I hope I haven’t led the discussion too far astray from what you intended.

Deric said...

Just a very brief comment, since these are very complex issues. The sorts of 'maps' and 'representations' that we can observe in physical measurements on the brain (that correspond to physical quantities in the work such as sound, light, pressure) are seen in the brains of animals who clearly do not possess the sort of "I" that we have. I think the actual neural correlates of our intuitive sense of self and "I" will probably seem quite counter-intuitive and alien if and when we find them.

ramesam said...

Responding to Deric’s comment:

First a big “thank you” to Deric for his time and thought as an expert in the field. As he observed, the issues are unarguably ‘very complex’. As Geoff Carr (2006) expressed, neuroscience may be awaiting its own Einstein and one day it maybe established that “the actual neural correlates of our intuitive sense of self and “I” probably [are] counter-intuitive and alien” as stated by Deric.

But the other points made by Deric baffled me. He makes two significant points that beg a bit more clarification.
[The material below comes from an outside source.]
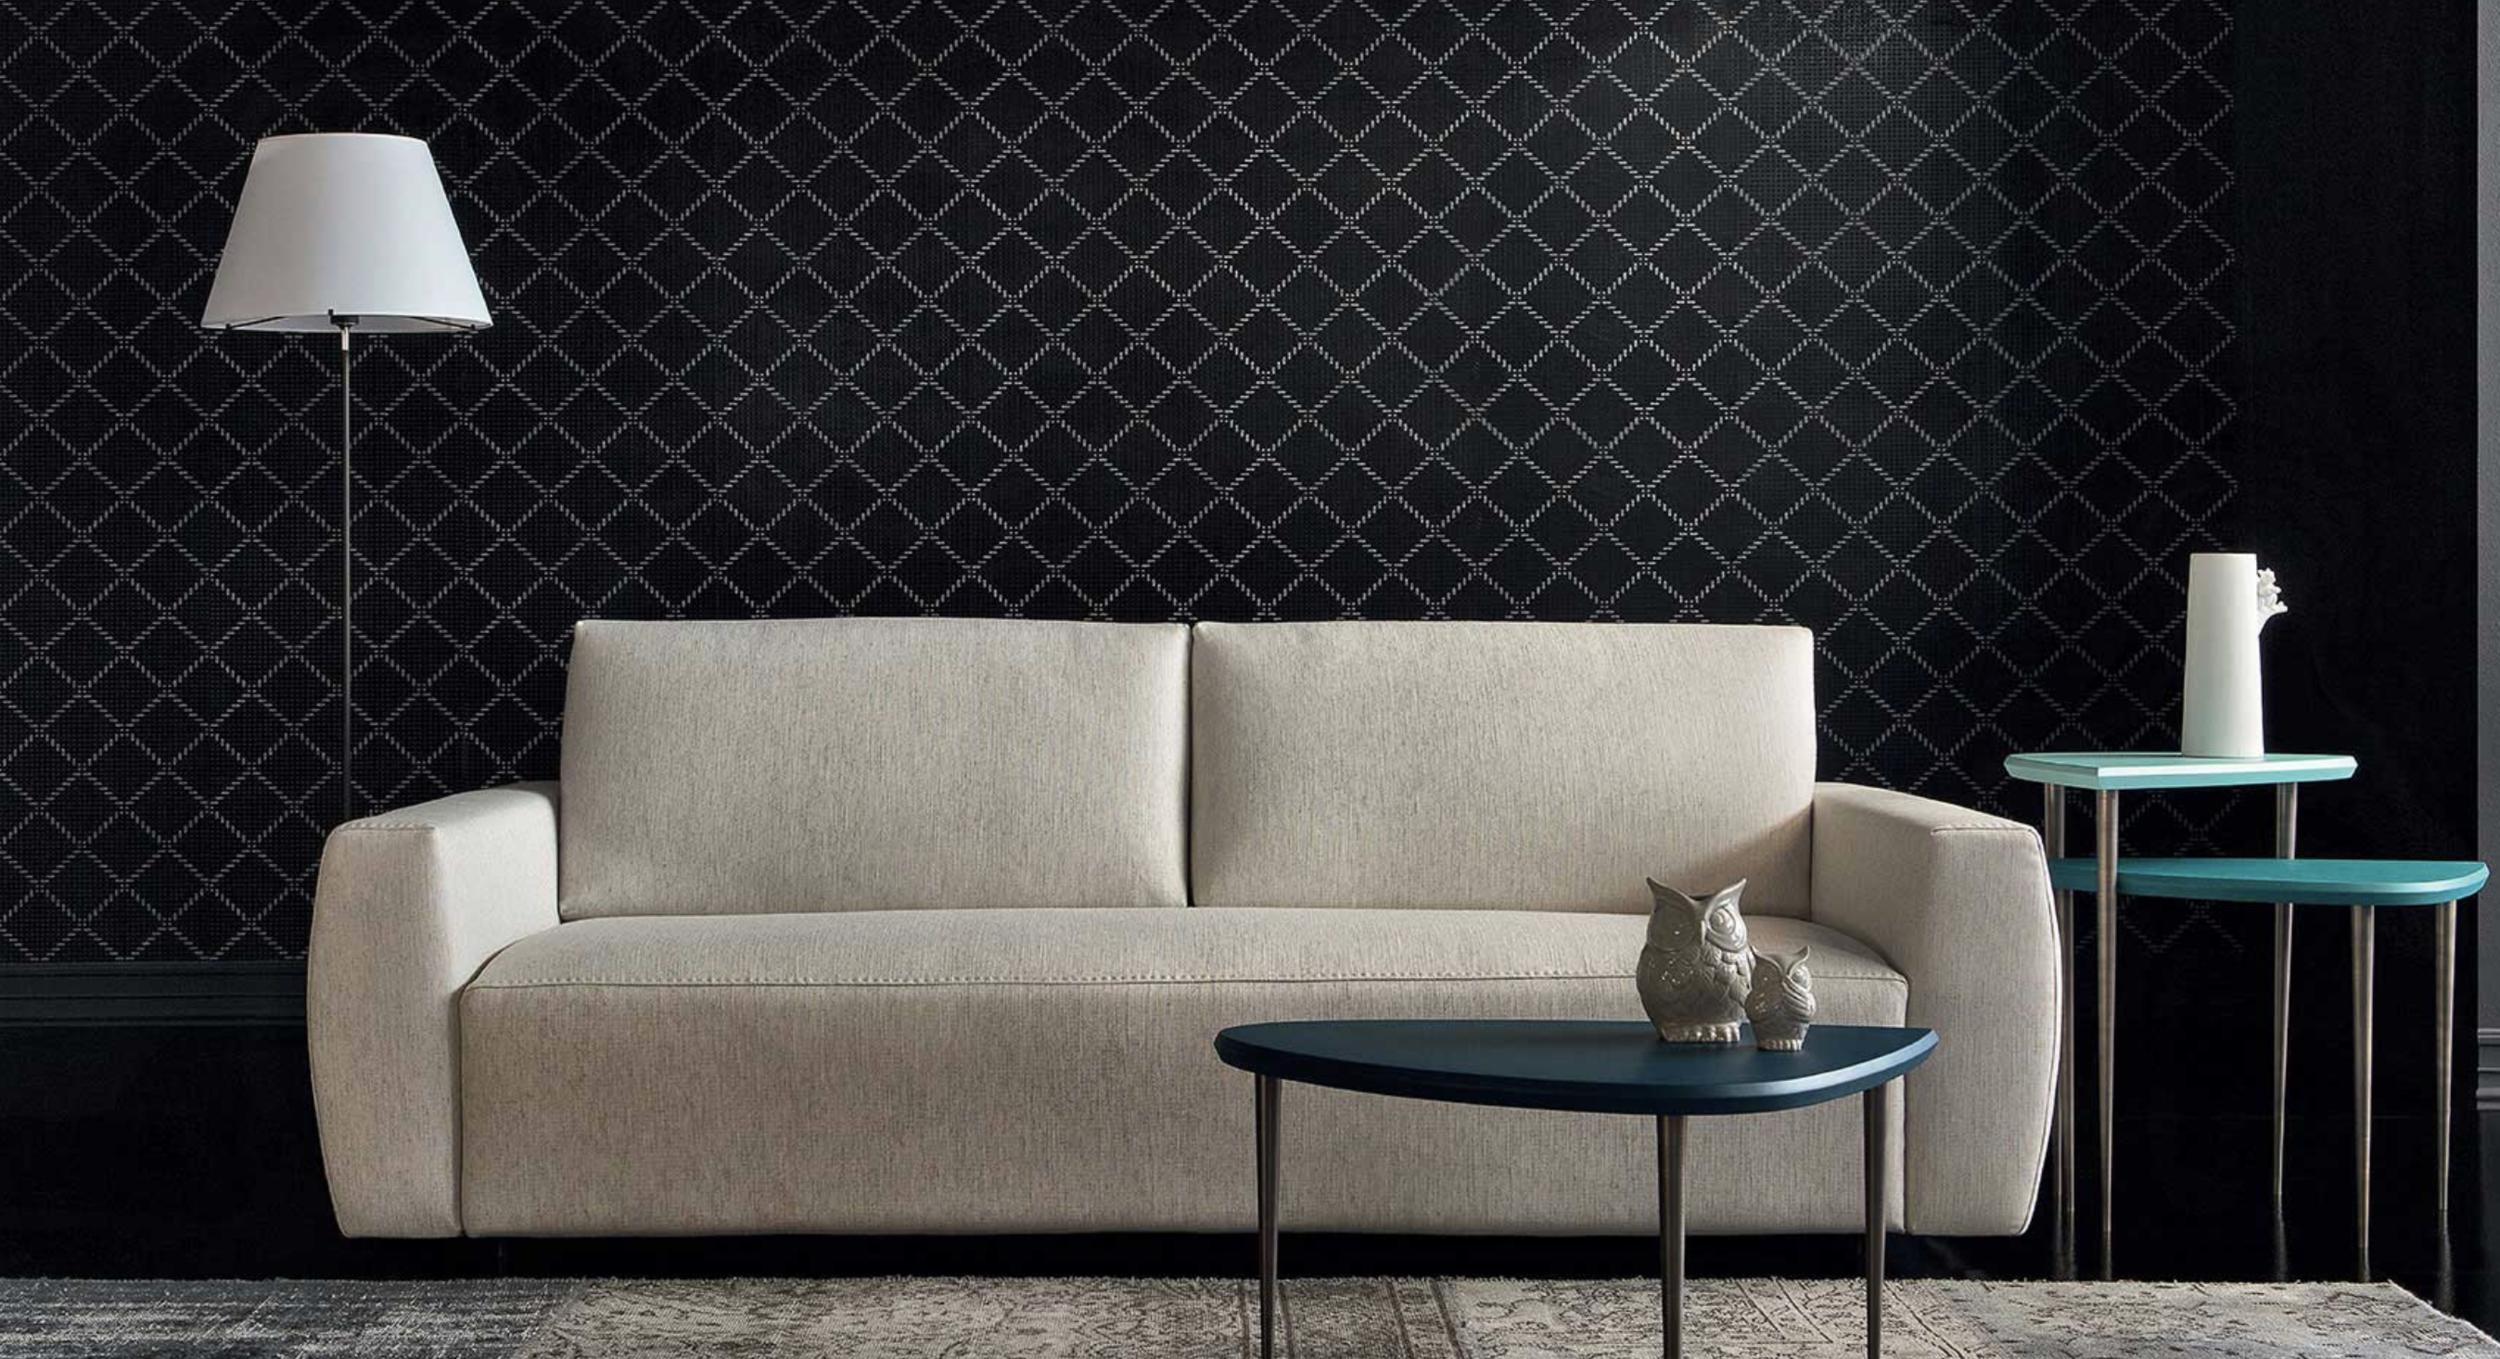 Tremendous Pin By Designitalia On Modern Sofa Beds Sectional Sofas Uwap Interior Chair Design Uwaporg

He seems to imply:
(a) studies carried out on the neural correlates on ‘maps’ or representations in the brain are done so far only on animals (non-human); and
(b) animals do not have the sort of “I” or self that humans claim to possess.

The plethora of recent publications appears not to fully support the above contentions.
In addition to the studies on animal brains, I am sure that Deric is aware of the studies of ‘self’ using fMRI, SPECT., Diffusion tomography etc done on humans. Work at Washington University by Prof. B. Schlaggar and his colleagues showed that the sense of self develops more after the age of 12 or so. Dr. Heatherton and many others tend to place self in the mPFC and also the precuneus. And we have Jill B. Taylor and her well-known case of left hemisphere clot that seemed to have caused the ‘loss of a separate self’ in her. The latest work of Brick Johnstone talks about lessening of a sense of self with lower activity in the right parietal lobe. So there are any number of reports on human brain studies re: self. Have I misunderstood Deric’s statement?

The second contention also appears to emerge from a sort of anthropocentric view. A number of lower (?) animals, other than primates and humans, are being now shown to possess a sense of self (e.g. parrots etc.). There is a recent work demonstrating ‘consciousness’ even in fruit flies (Drosophilia melanogaster). If flies can have ‘consciousness’, is it far from postulating a sense of self in them?

Or am I confused in making out what exactly Deric is telling us? Is it wrong in trying to tease out the issues, though admittedly complicated, based on whatever knowledgebase we have today pending some future discoveries?

Deric said...

My comment does not imply that studies on maps or representations have been done only in animal, of course they have done in humans. The gold standard of 'self' identity has been the mirror recognition test, passed until recently by humans, chimps, and dolphins. Now it turns out the magpie does it.
And yes, there are many fMRI experiments correlating self, agency, etc. with brain activity.

Rebecca said...

I understand this essay from the epiricist approach but how do you think a rationalist would react? I am writing a paper on this article and am stuck. I chose Locke as my empiricist and Leibniz as my rationalist. How do you think Leibniz would respond?